Constantine the Great became sole ruler of the entire Roman Empire in 324 AD after Licinius, ruler over the eastern division, was murdered. His father, Constantius I, had ruled jointly with Galerius and Maximianus, and was killed in battle in 306. Afterwards, the army proclaimed Constantine as Caesar, and Galerius was then forced to recognize the title. Constantine’s position was further strengthened by his marriage to Fausta, who was the daughter of Maximianus. In 310, Maximianus tried to oust the young emperor and was murdered.
Maxentius, son of Maximianus, sought revenge and was killed in battle in 312 AD. It was just prior to that battle that Constantine was supposed to have seen in the sky a flaming cross bearing the legend “in hoc signo vinces” or “in this sign conquer”. [Can anyone believe that this was a sign from God? Does it remind you of anything else sinister?] The legend purportedly led to Constantine’s Christianity. He is considered one of the ablest rulers of the Roman Empire, although his reign was beset by much political and religious intrigue. His many reprehensible murders included his wife, Fausta, and his own son, Crispus. He did protect the empire’s new religion, which was the officially recognized form of Christianity by empowering the Catholic Church, but he did not officially become a Christian until his deathbed conversion in 337 AD.

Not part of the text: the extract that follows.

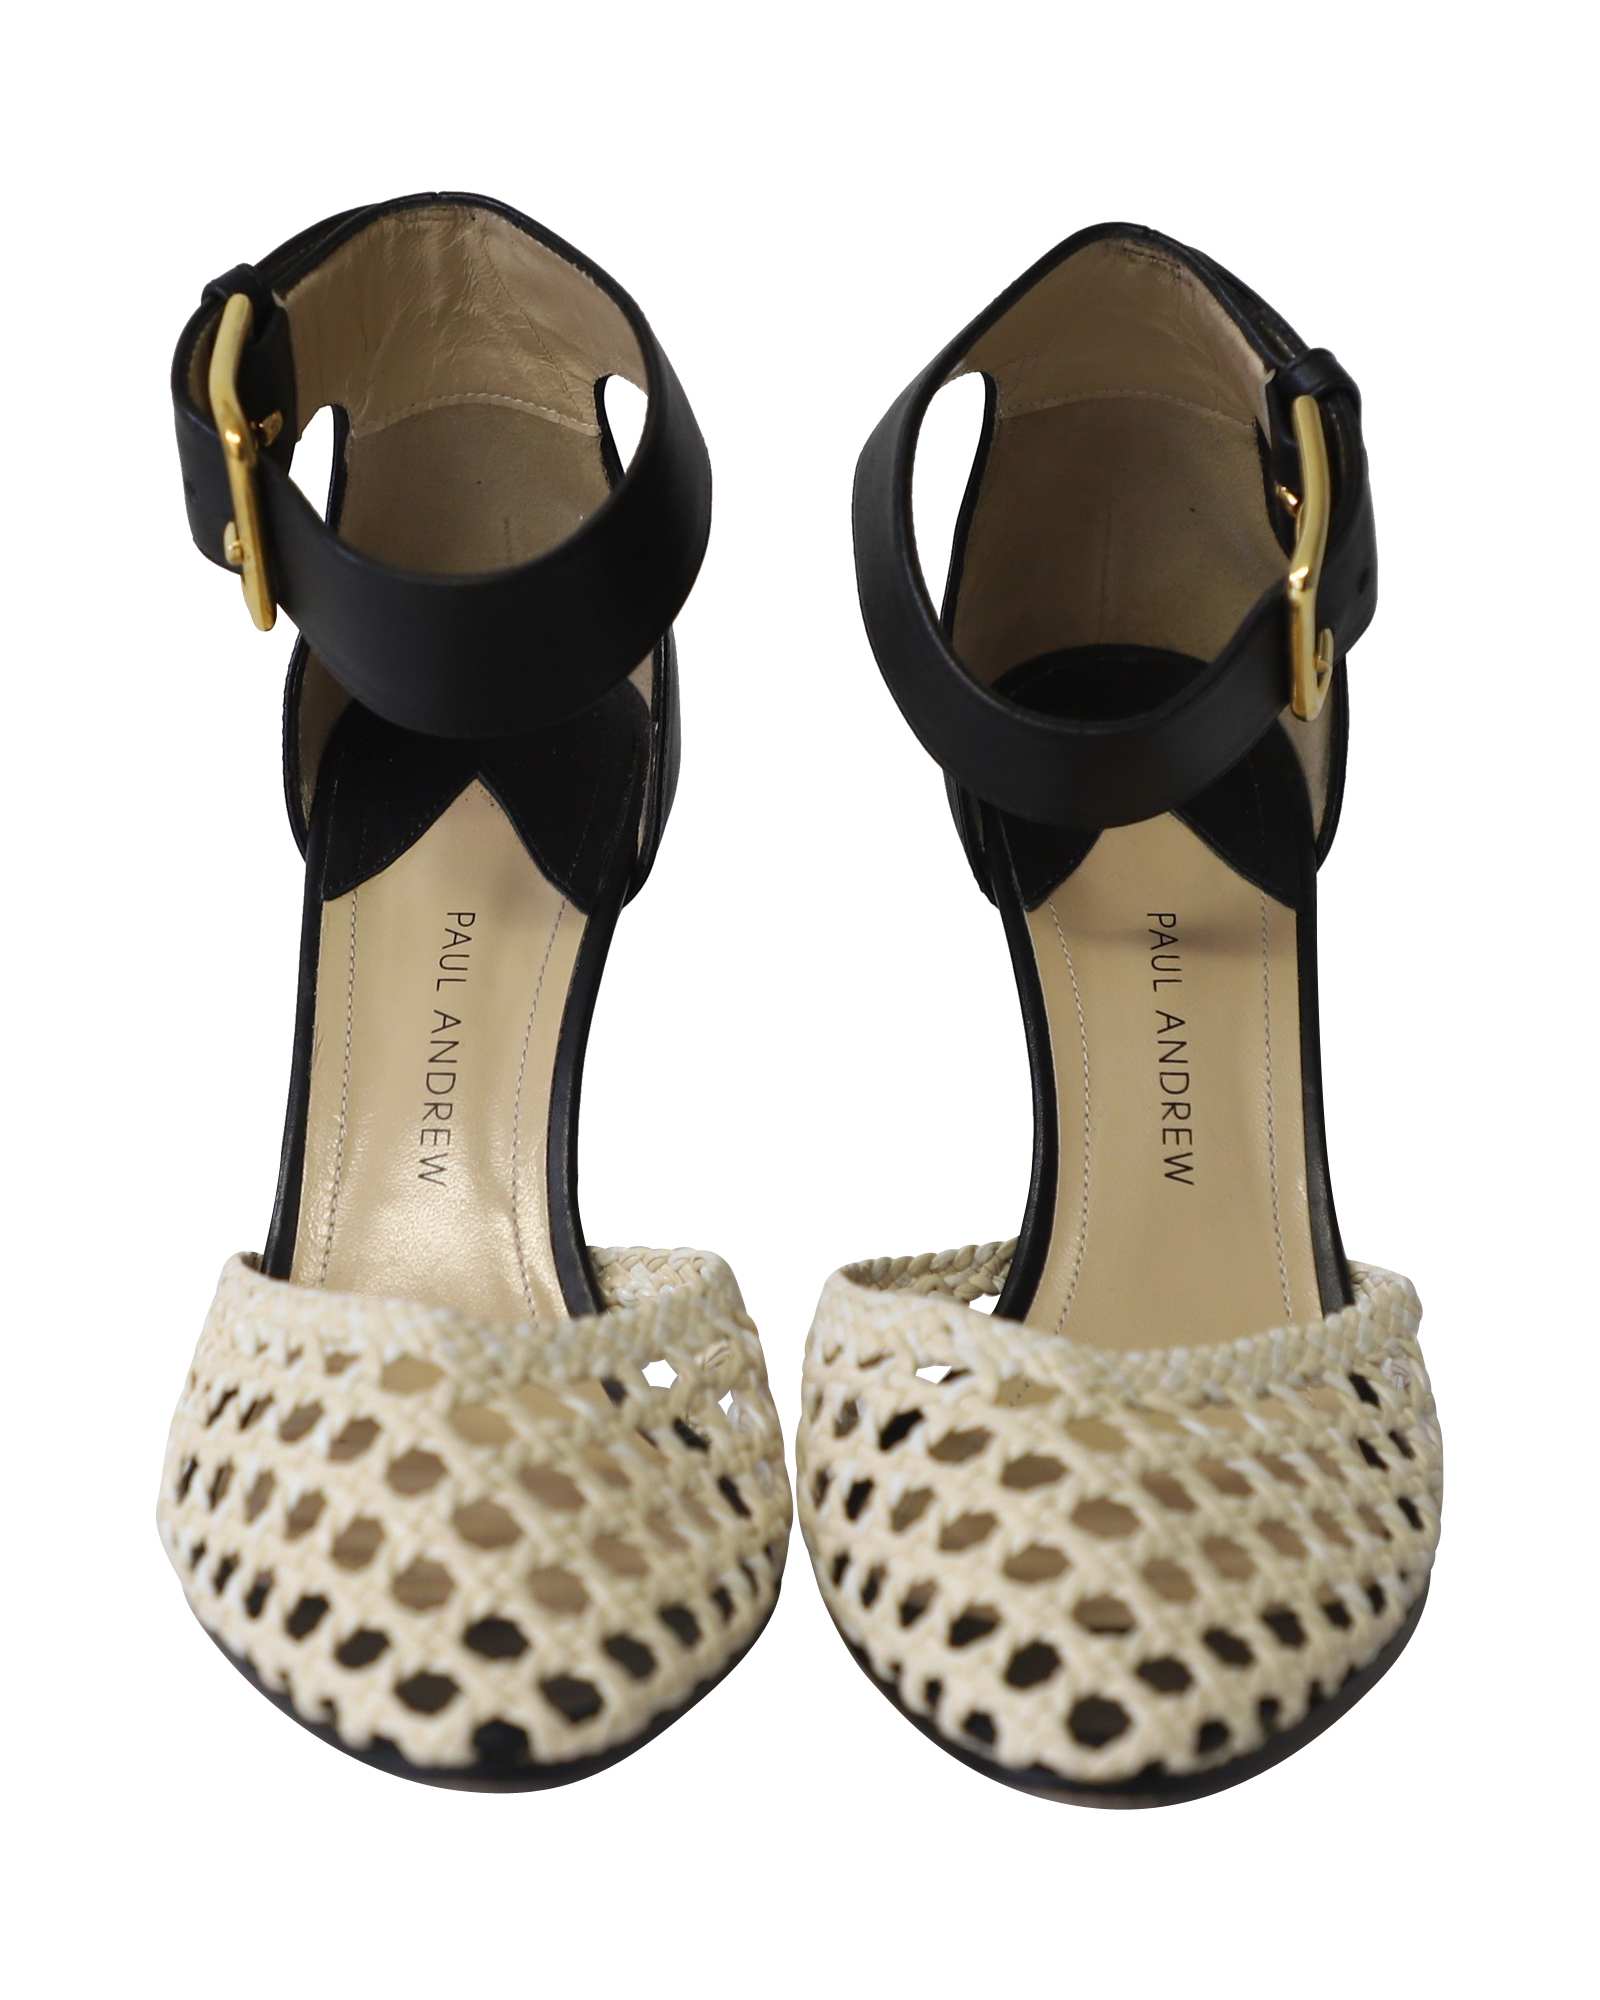 Cane Weave Heeled Sandals in Dark Chocolate and Cream Leather

Due to the theological conflicts within Christendom, Constantine ordered and directed the first Council of Nicaea in 325 AD. The eastern churches in Asia and western churches in Greece, Italy and Spain had already adapted Sunday as the Christian day of worship and rest. [Sunday was revered as the day of the sun in Sun god worship. (Gen. 1:3-5; Eze. 8:16)] After Constantine had recognized Christianity as the empire’s official religion and made Sunday the official day of rest (excluding agriculture) a civil law, the official church could legally persecute Christians keeping the Lord’s Sabbath.

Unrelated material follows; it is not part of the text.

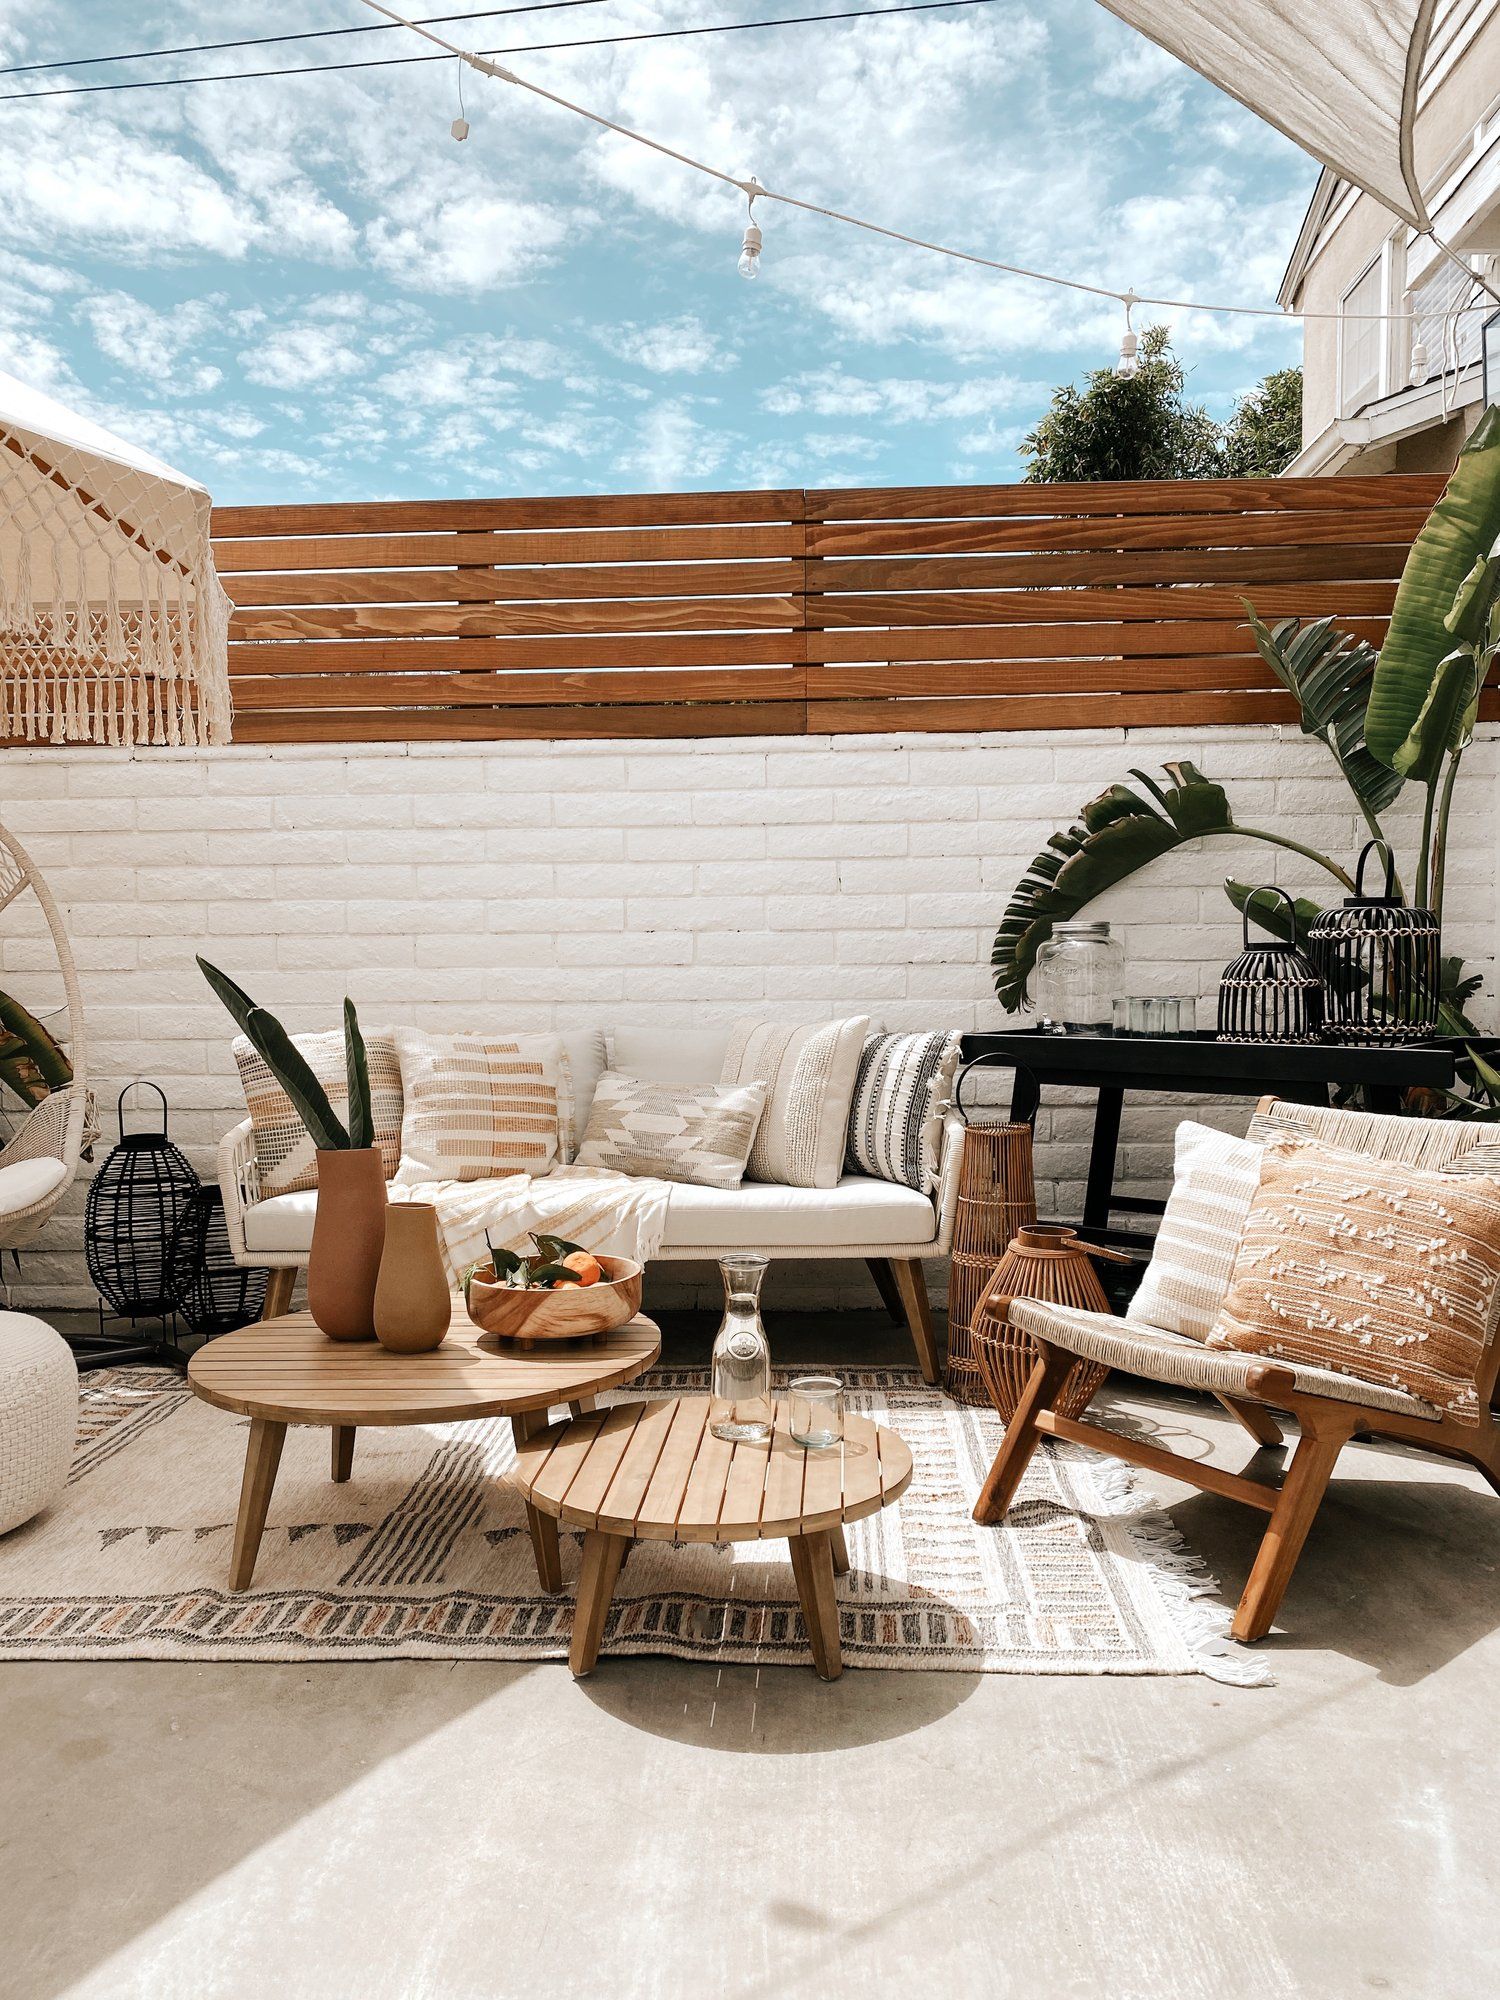 Creating Your Dream Outdoor Patio Space

Any Christian sect that did not adhere to the Roman Church’s newly established authority was declared heretic. The true flock began fleeing to the wilderness. (Rev. 12) When the poor Sabbath keeping Waldenses emerged during the 12th to 15th centuries with their copies of scriptures from the Bible, the papal bull to exterminate them was issued by Pope Innocent VIII in 1487. [Ironic name for such a supposedly holy, but murderous man.] Their copies of individual books of scripture and even their complete Bibles were burned, and then they were killed in a variety of tortuous ways. The Gutenberg printing press wasn’t invented 1440.